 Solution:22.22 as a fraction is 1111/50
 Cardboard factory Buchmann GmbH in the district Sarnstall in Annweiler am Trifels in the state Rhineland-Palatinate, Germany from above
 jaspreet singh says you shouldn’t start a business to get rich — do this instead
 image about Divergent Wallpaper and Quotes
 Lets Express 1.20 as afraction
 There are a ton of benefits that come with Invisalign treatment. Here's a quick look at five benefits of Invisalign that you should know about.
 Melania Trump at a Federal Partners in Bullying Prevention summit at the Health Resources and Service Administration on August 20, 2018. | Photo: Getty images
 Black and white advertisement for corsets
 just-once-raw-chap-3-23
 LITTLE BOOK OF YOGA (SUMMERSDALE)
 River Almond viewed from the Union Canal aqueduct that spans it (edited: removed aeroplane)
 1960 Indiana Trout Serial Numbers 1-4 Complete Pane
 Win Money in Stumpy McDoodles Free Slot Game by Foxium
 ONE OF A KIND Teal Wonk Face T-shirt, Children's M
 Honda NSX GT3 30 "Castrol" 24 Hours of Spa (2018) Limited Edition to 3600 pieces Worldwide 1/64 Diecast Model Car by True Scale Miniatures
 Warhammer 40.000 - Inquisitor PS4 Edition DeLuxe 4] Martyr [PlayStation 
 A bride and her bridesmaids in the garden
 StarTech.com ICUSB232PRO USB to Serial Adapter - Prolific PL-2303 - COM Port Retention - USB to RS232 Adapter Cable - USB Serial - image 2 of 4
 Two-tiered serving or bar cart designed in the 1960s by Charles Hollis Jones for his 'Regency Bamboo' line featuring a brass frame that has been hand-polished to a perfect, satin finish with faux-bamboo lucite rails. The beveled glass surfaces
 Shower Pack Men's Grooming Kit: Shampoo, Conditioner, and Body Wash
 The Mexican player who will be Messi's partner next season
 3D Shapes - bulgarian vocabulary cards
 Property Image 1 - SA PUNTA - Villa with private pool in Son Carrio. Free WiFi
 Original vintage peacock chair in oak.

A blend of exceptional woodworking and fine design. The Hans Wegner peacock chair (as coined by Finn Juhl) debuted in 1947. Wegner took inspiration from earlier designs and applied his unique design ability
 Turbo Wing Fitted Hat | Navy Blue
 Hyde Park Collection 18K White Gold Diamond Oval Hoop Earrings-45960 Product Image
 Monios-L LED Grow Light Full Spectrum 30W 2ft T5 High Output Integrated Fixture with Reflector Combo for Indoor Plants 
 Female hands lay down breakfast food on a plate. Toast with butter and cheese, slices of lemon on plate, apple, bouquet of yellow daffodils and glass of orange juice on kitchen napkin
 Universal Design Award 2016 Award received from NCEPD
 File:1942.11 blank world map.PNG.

------------------------------------------------------------

- [Work to complete]
Return, with no change at all, every line in the entries above from the line containing "Two-tiered serving or" through the line containing "Original vintage peacock chair in oak.".

- [Output below]
 Two-tiered serving or bar cart designed in the 1960s by Charles Hollis Jones for his 'Regency Bamboo' line featuring a brass frame that has been hand-polished to a perfect, satin finish with faux-bamboo lucite rails. The beveled glass surfaces
 Shower Pack Men's Grooming Kit: Shampoo, Conditioner, and Body Wash
 The Mexican player who will be Messi's partner next season
 3D Shapes - bulgarian vocabulary cards
 Property Image 1 - SA PUNTA - Villa with private pool in Son Carrio. Free WiFi
 Original vintage peacock chair in oak.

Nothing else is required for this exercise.